Libra Hanif, director of Tourism Malaysia, explained the appeal of the country as well as the importance of promoting sustainable tourism today: “Sustainable travel is a major trend now, with the changes that are happening post-covid. People want to get close to nature, to get close to people. So Malaysia being a multicultural and diverse [country] with a lot of natural environments, we felt that it’s a good thing for us to promote Malaysia.”
Malaysia has also gained fame in recent years, through its numerous UNESCO World Heritage Sites, which include Kinabalu Park and the Archaeological Heritage of the Lenggong Valley.
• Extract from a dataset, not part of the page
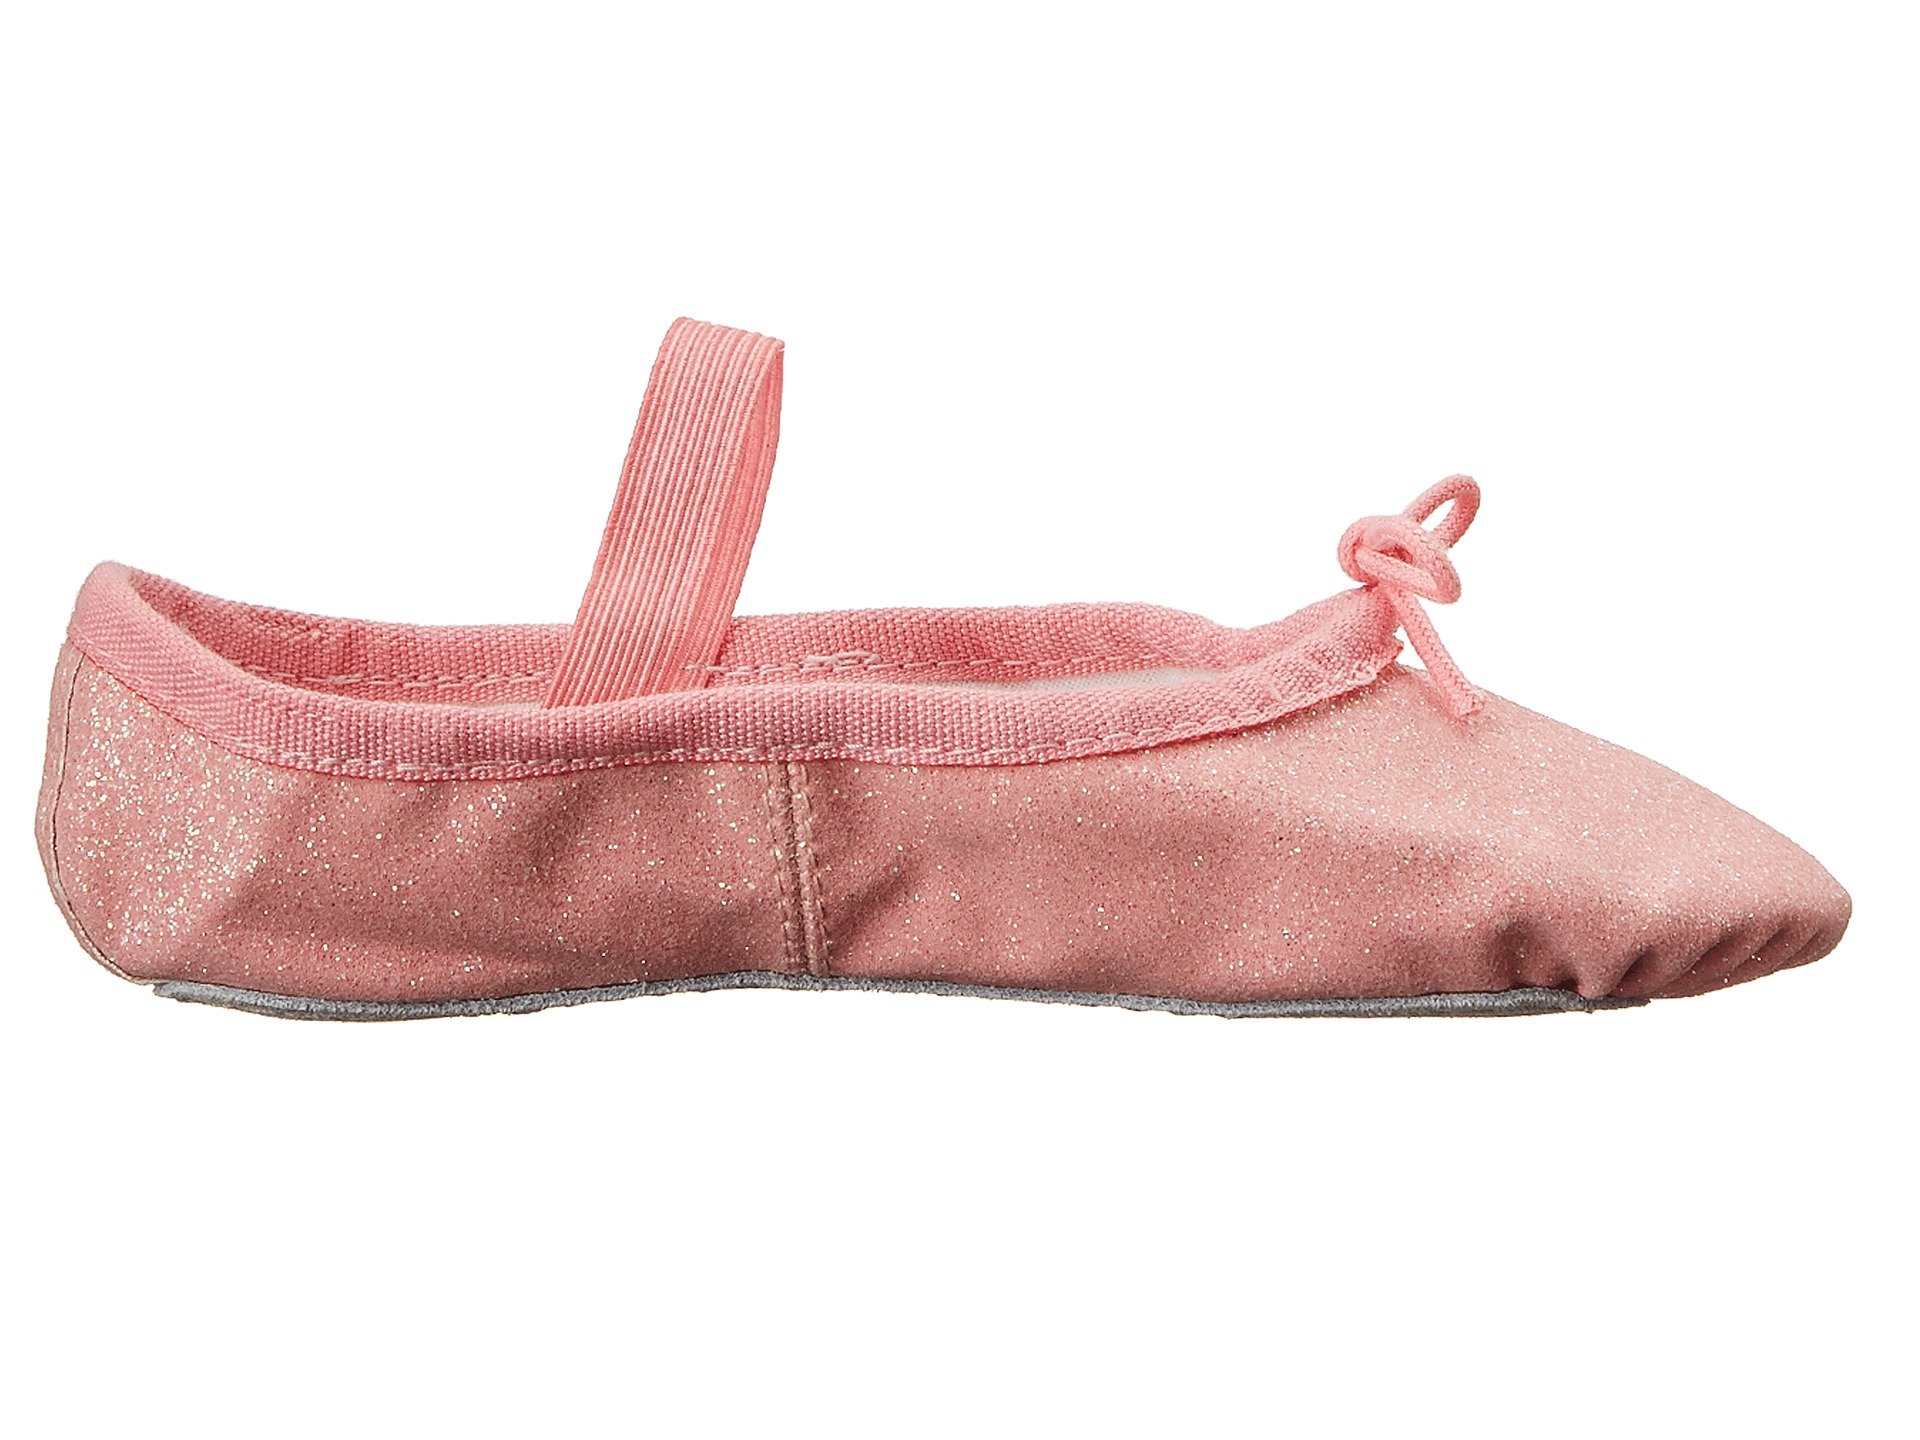 Bloch Kids Glitter Dust Ballet Slipper Toddler Little Kid
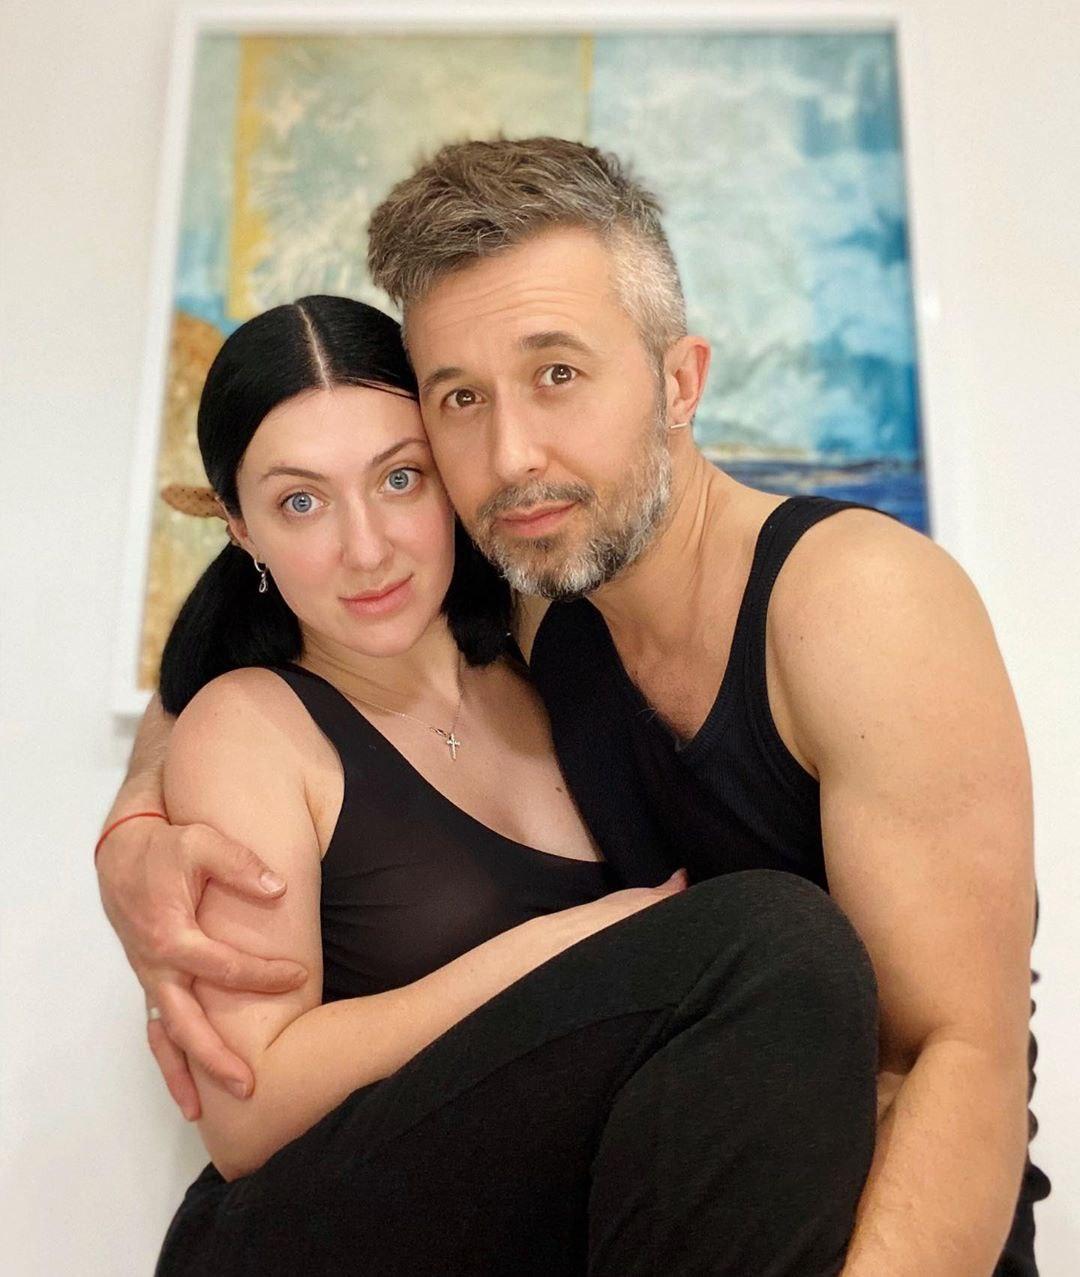 Сергей и Снежана Бабкины фото 2020

Green mobility has also become an integral part of tourism in Malaysia, with an increasing number of people using bikes to discover the country: “If you are a little more adventurous, we have the mountain back trails where you can cut across gazetted trails to see the natural attractions and the wildlife that we have in Malaysia,” says Hanif. “If you are not that adventurous, you’ll be looking for relaxing cycling. We also have countryside spots, where you can see all the scenery in a relaxing session.”
With more than 25,000 visitors at this IFTM trade show this year, Malaysia’s tourism board got to showcase the best the country and its people have to offer.